Among the report's most important features was a recommendation that the city examine development on a cumulative basis, rather that a site by site basis. The report also suggested the city divide the city into six subdistricts, each of which could have its own zoning regulations adapted to its particular nuances.
Boothe called the study "a turning point in the whole zoning issue." Vigier said many of its recommendations were adopted by the city council, and that many of its predictions have since come true.
City Relations
It has been several years since Design School has conducted a study of such magnitude for the city, and some suggest friction between Cambridge and Harvard may be hampering attempts at joint work by Design School and the city.
"It takes two to tango," says Vigier. "There is a great deal of friction and misunderstanding between the city and the university."
Yet most Harvard and Cambridge officials, like Michael Rosenberg, the city's development director, say "relations are improving over the last couple of years."

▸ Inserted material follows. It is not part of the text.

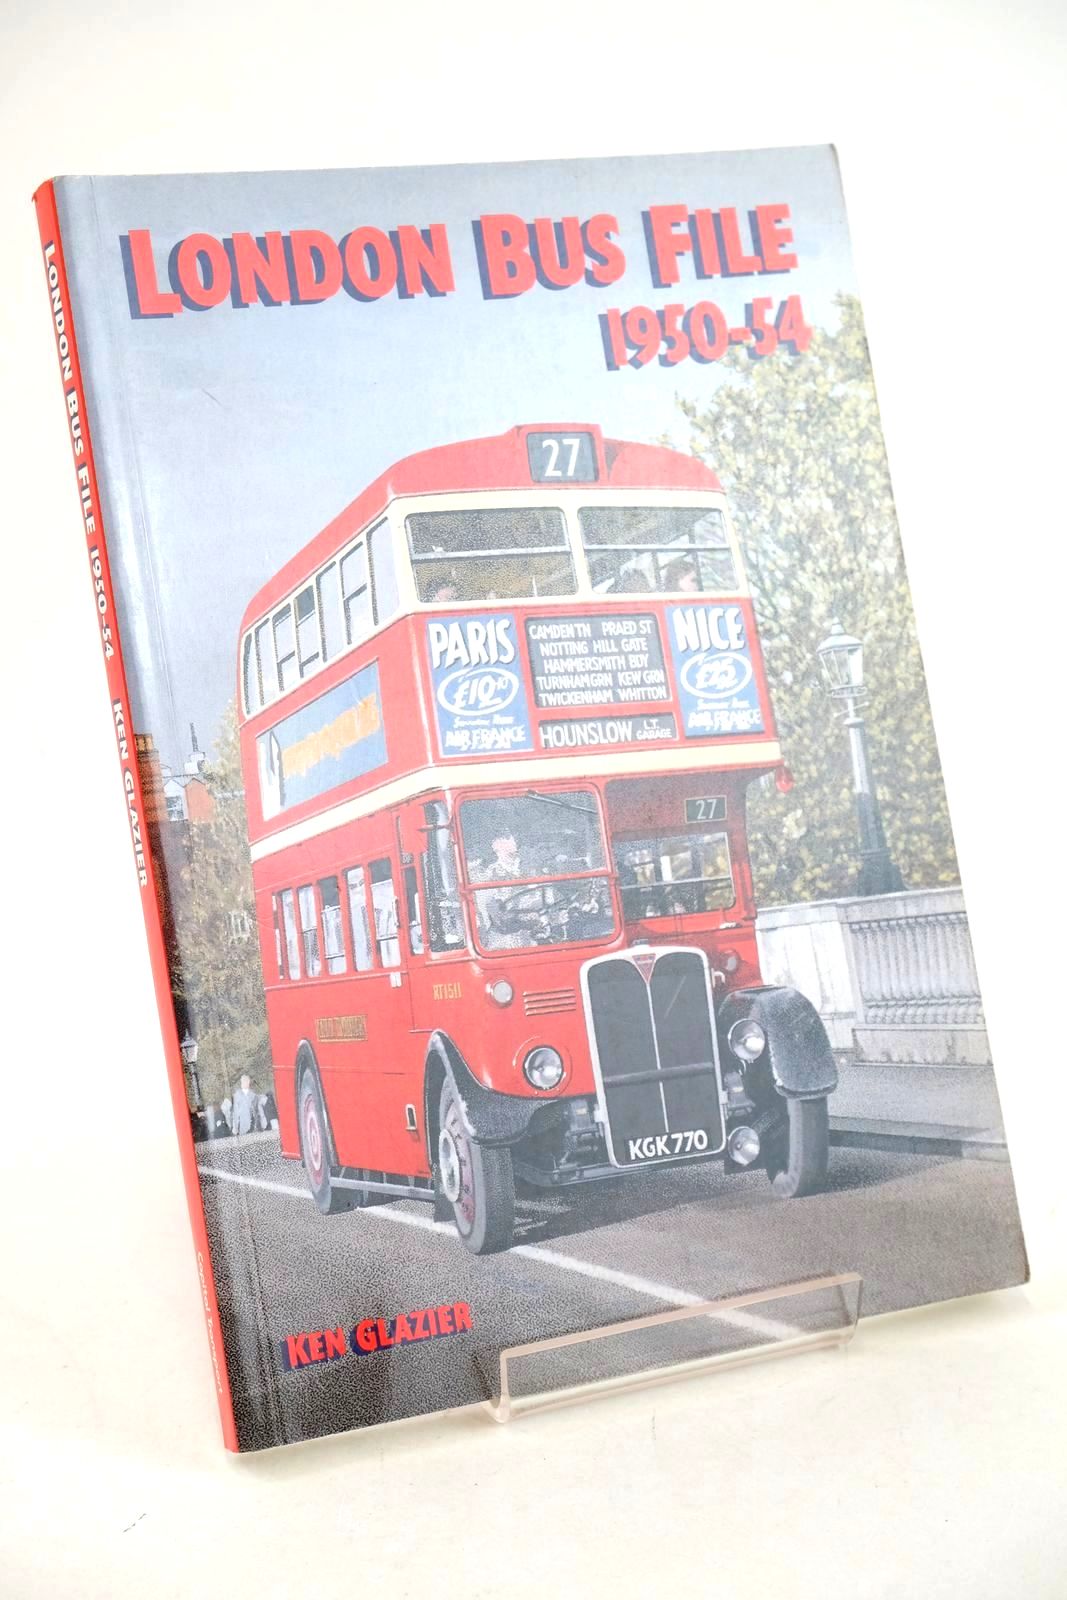 Photo of LONDON BUS FILE 1950-54 written by Glazier, Ken published by Capital Transport (STOCK CODE: 1326930)  for sale by Stella & Rose's Books

Marilyn Lyng O'Connell, Harvard community relations director, agrees that thre recent slow-down in Design School projects for the city "is not a sign of anything."
"There has not been anything on the scale of the Harvard Square Project in recent time," O'Connell says. "But the city is talking about taking a new look at the zoning ordinance and there may be a new role for the design school there."
"I think [relations] are more complicated--the city is more complicated and Harvard is more complicated--but I think they are better," says Kathy A. Spiegelman, a former city official who is now the University's director of physical planning.
Beyond Cambridge
Of course, work at the Design School has not been confined to Cambridge. Steinitz, for instance, has a cooperative agreement with the National Parks, under which he has done work on Maine's Acadia National Park, New York's Gateway National Park and California's Yosemite National Park.
Vigier, meanwhile, has conducted studio projects dealing with North Africa. One noteworthy project involved routing a highway though the historic district of Cairo, Egypt.
Original plans had called for plowing down acres of historic buildings, but Design School students found a way to minimize the razing, and still put the highway through.
In the future, Design School ideas will probably continue to find their way into the real world, if for no other reason than that the school is continuing to run programs which directly train public officials.
Many now take programs like the ones Boothe enrolled in, which grant officials scholarships to take evening classes. In addition, the school offers programs to train third world officials in management, and has a Research Unit for Housing and Urbanization which holds seminars on third world problems.